Methods. We gathered all available photometry –from XMM-Newton proprietary data in X-rays to rest-frame NIR wavelengths– for the 18 QSOs in the HYPERION samples (6.0 ≤ z ≤ 7.5). For sources lacking uniform NIR coverage, we conducted NIR observations in the J, H, and K bands. To increase the statistical robustness of our analysis across the UV-to-NIR region, we add 36 additional sources to our sample from the E-XQR-30 sample with 5.7 ≲ z ≲ 6.6. We characterized the X-ray/UV emission of each QSO using average SEDs from luminous Type 1 sources and calculated bolometric and monochromatic luminosities. Finally, we constructed a mean SED extending from the X-rays to the NIR bands.

Results.
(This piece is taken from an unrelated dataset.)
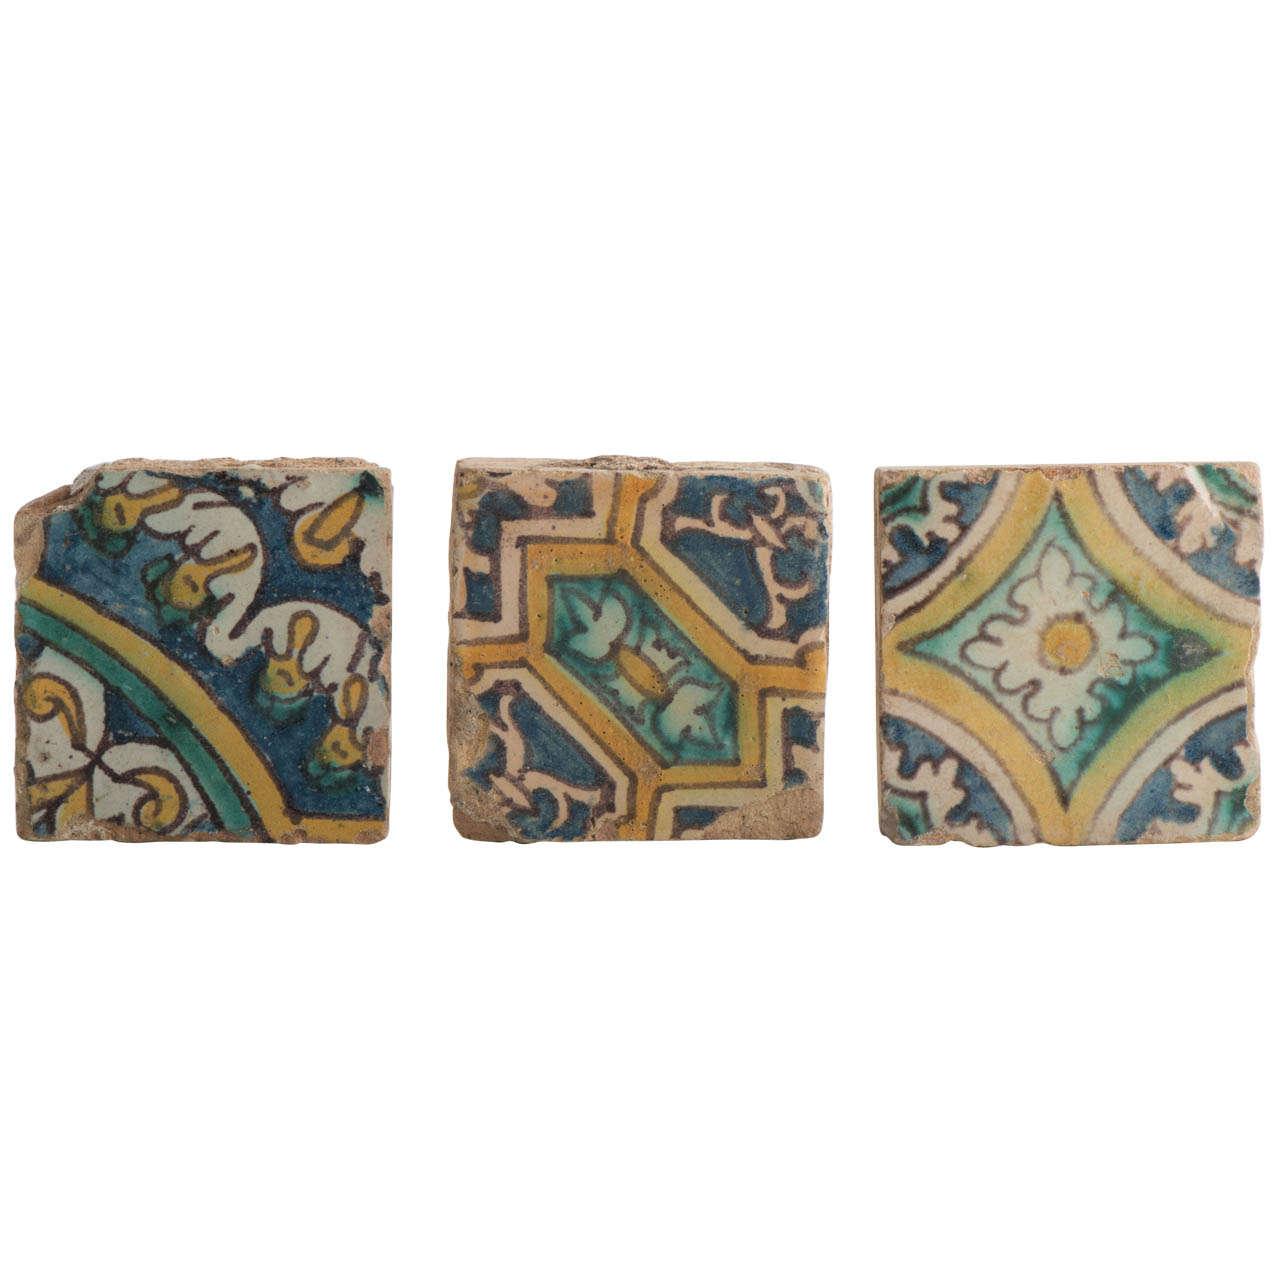 Spanish floor tiles, ca. 1580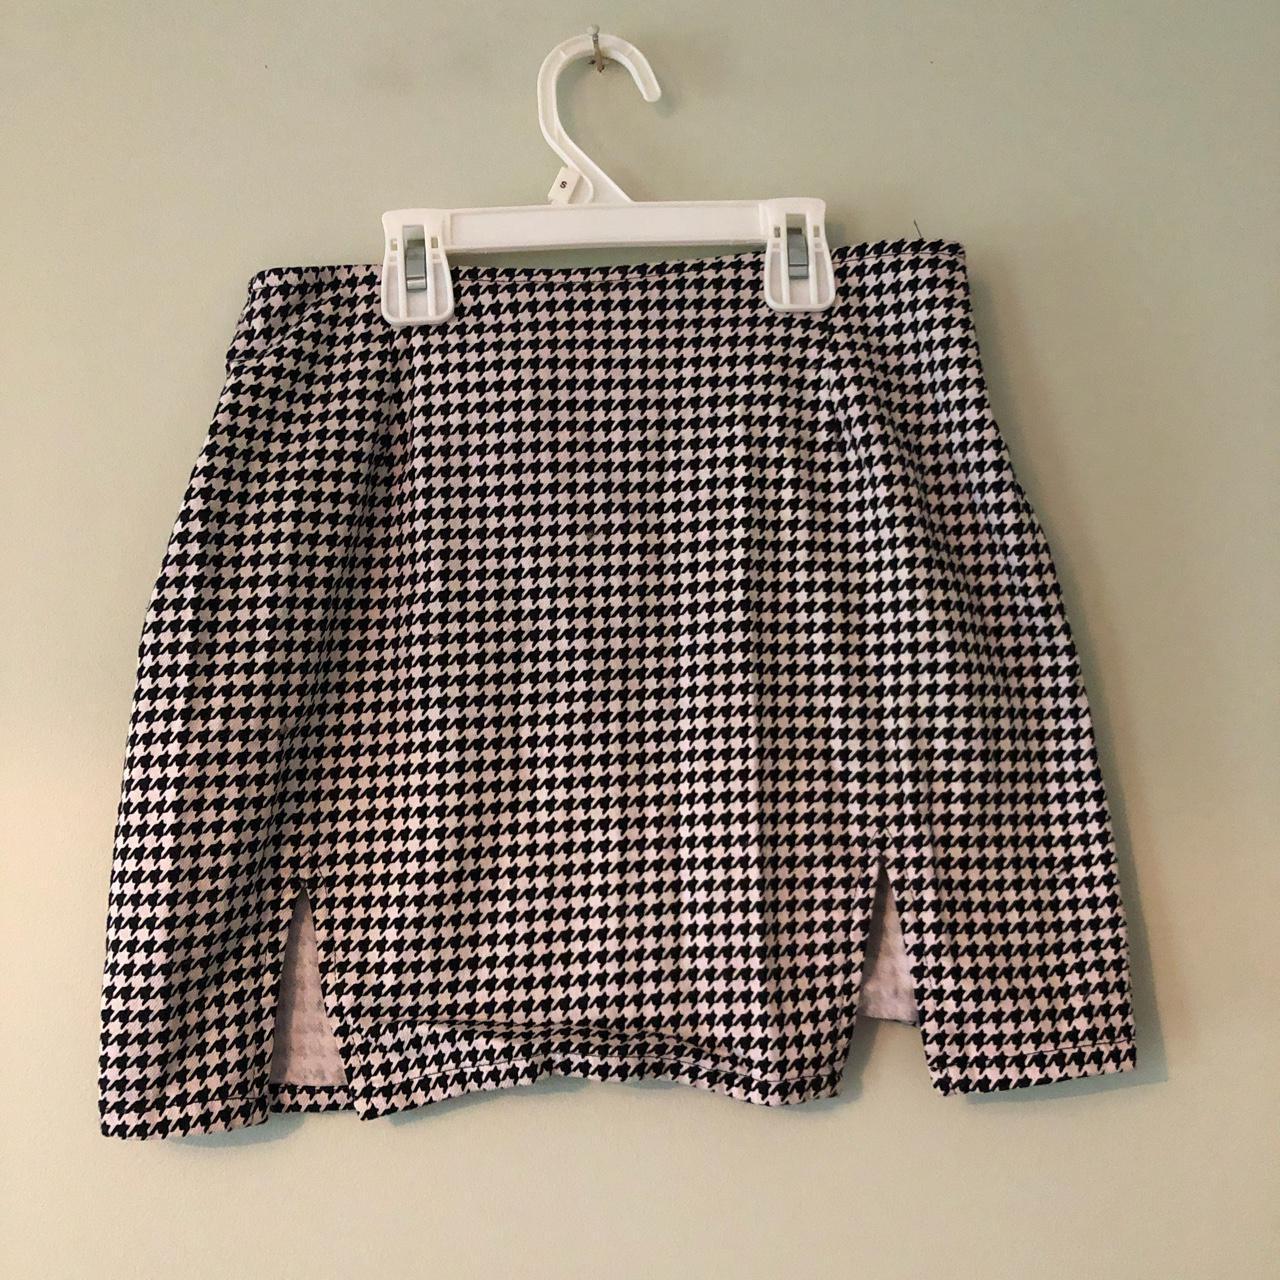 Product Image 1 - Motel skirt - says XS

We find that the UV-optical emission of these QSOs can be modeled with templates of z ∼ 2 luminous QSOs. We observe that the bolometric luminosities derived while adopting some bolometric corrections at 3000 Å (BC_3000 Å) largely used in the literature are slightly overestimated, by 0.13 dex, as they also include reprocessed IR emission. We estimate a revised value of BC_3000 Å = 3.3, which can be used to derive L_bol in z ≥ 6 QSOs. We provide a subsample of 11 QSOs with rest-frame NIR photometry; these show a broad range of hot dust emission strength, with two sources exhibiting low levels of emission. Despite potential observational biases arising from nonuniform photometric coverage and selection biases, we produce an X-ray-to-NIR mean SED for QSOs at z ≳ 6 that is a good match to templates of lower-redshift, luminous QSOs up to the UV–optical range, with a slightly enhanced contribution from hot dust in the NIR.